JIM LEHRER: Robin, they call midwifery the second oldest profession. It`s been around a long time, since Old Testament times for sure, and probably even before that. Its history here in the United States has been a spotty one. It was widely practiced here until the 1920`s, when it began to taper off. The main reason given at that time was the high death rate, both among mothers and their infants. And just about everybody began to have their babies only in hospitals and only delivered by doctors.
But now there is a swing back to midwives. The death rates are down, there`s a shortage of doctors in many areas, plus there is an apparent desire on the part of some parents for a more human, less institutionalized approach to giving birth. There are now twenty-two centers around the country to train registered nurses in the art of midwifery. They`re the certified nurse midwives, who either perform the delivery in a hospital or assist a doctor in doing so.
The other part of the new movement is the so-called "illegals," lay midwives who do it all by themselves at the mother`s home. Robin?
MacNEIL: The growth of the natural childbirth movement and the renewed desire of women to give birth at home -- or at least in a more familial surrounding -- has prompted some hospitals to establish nurse midwife programs. Rebecca Newton of Public Television Station WJCT reports on one such program in Jacksonville, Florida:
REBECCA NEWTON, WJCT-TV, Jacksonville: University Hospital here in Jacksonville is one of some 160 hospitals across the country that are bringing back the mid wife. The six nurse midwives at University Hospital are all registered nurses. After a year of practice in the field and rigorous specialized training at the University of Mississippi Medical Center, they were certified by the American College of Nurse Midwives. They perform functions that nurses cannot perform, like prescribing certain drugs, and delivering babies in medically directed settings.
All six nurse midwives keep a busy schedule, doing rounds in Ob/Gyn, seeing clinic patients at the hospital and the outreach clinics, teaching, and attending labor and delivery. They delivered over 720 babies last year. If a woman is normal, she may never see a doctor.

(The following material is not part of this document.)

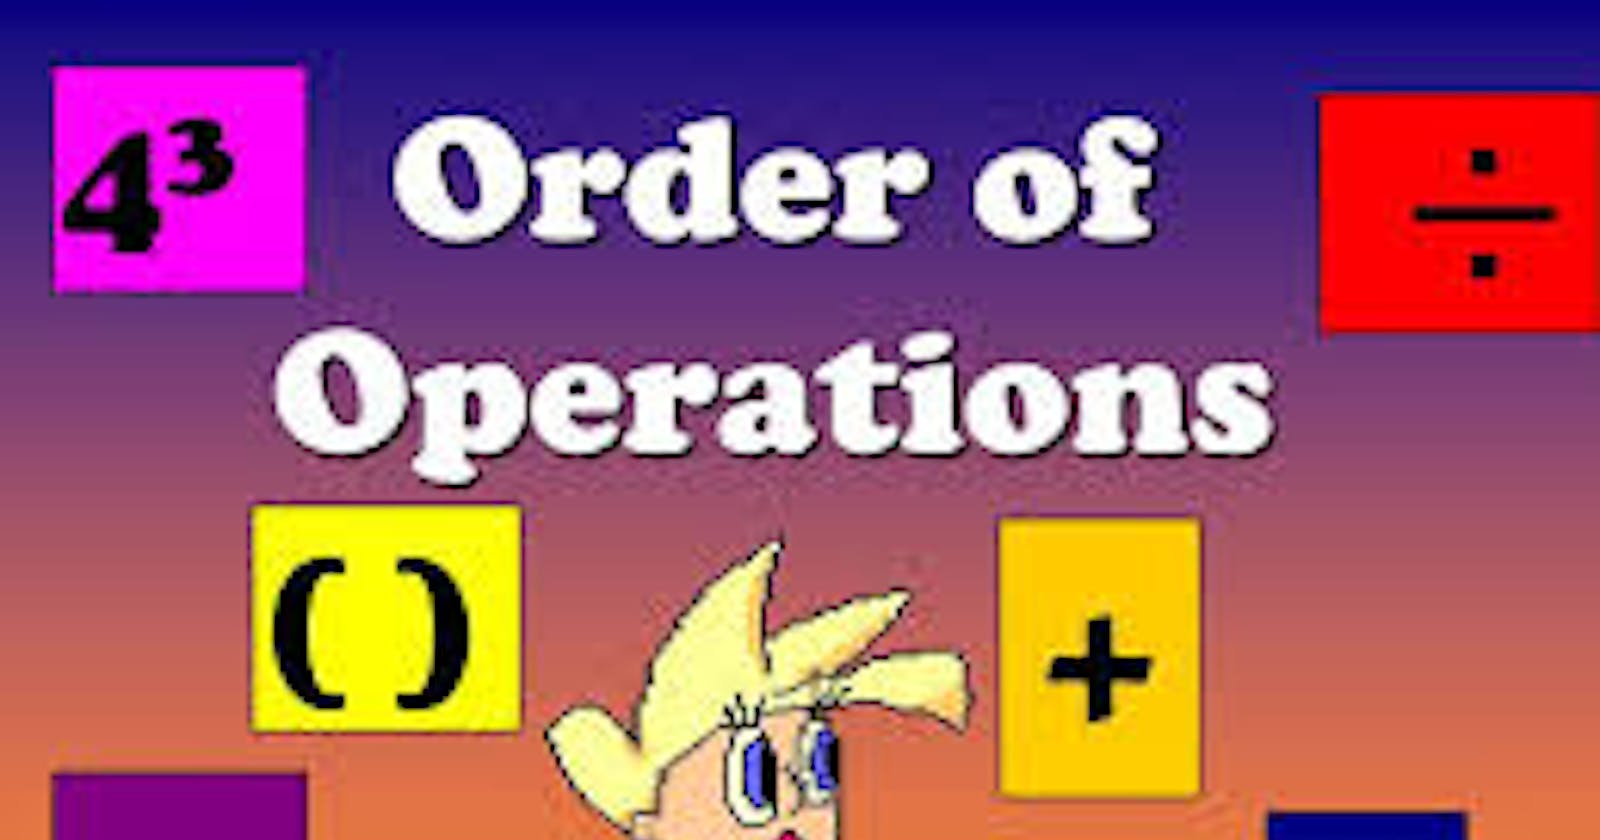 Order of Operations in Python

A highly trained nurse midwife will care for her through pregnancy, deliver her baby, and follow her for six weeks after delivery. If complications do develop, an obstetrician, who is a surgical specialist, will co-manage the patient.

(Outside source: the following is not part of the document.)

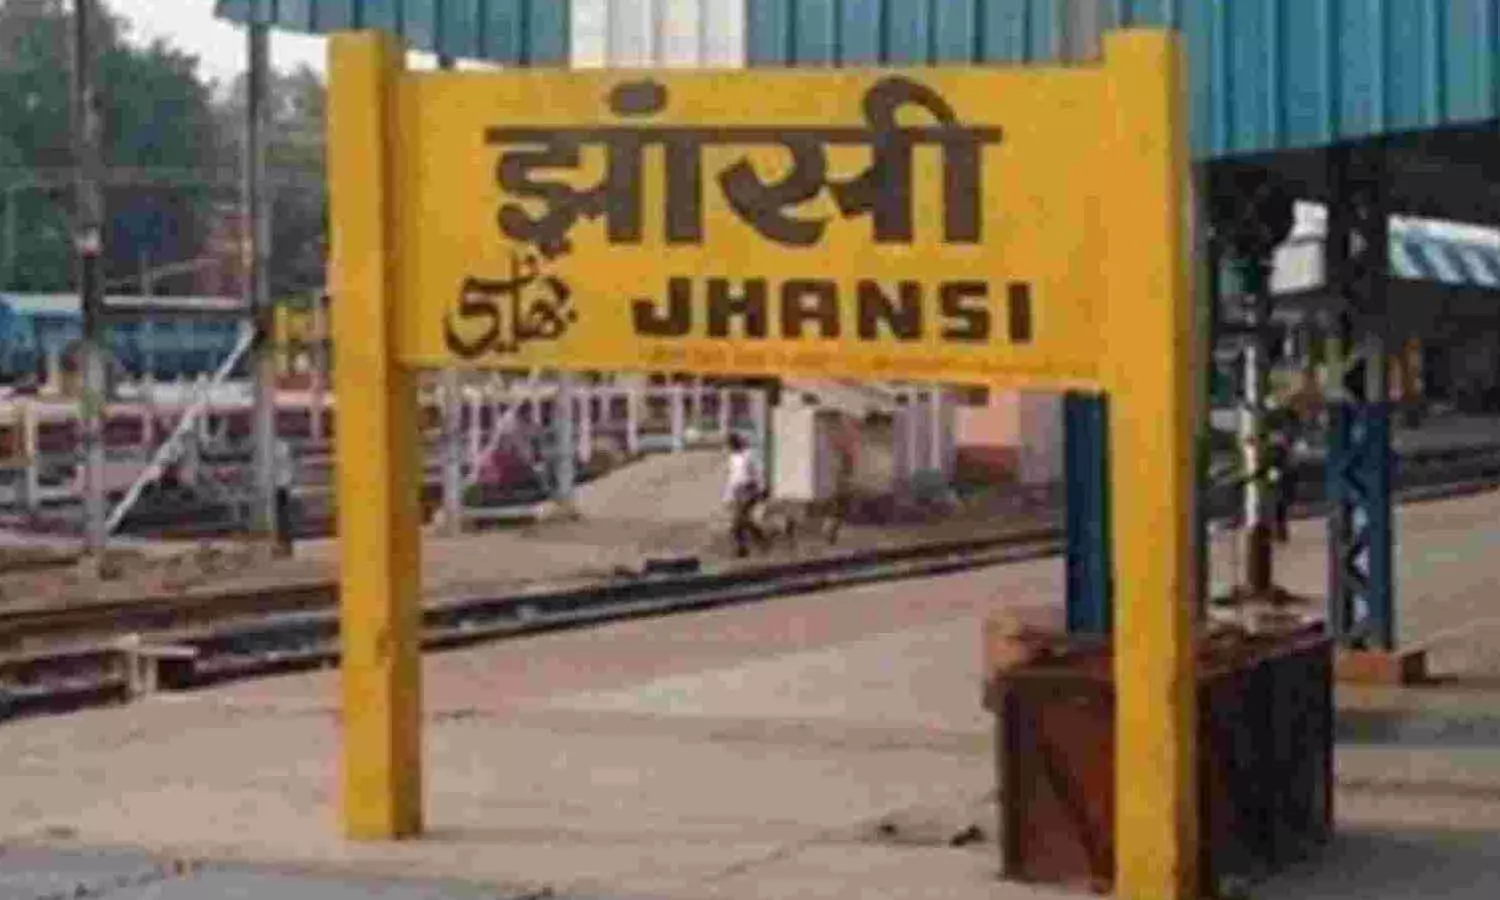 Danish assailant, who killed a minor girl in Jhansi, was arrested and sent to jail

Compared to other countries, the rate of medical intervention in the United States is high. It`s estimated that nine out of ten women are given drugs during labor and delivery. As high as twenty percent receive cesarean sections, and up to seventy-five percent have episiotomies. By comparison, most normal babies in Holland are delivered using no drugs at all. The rate of Cesarean sections is under four percent; episiotomies, eight percent.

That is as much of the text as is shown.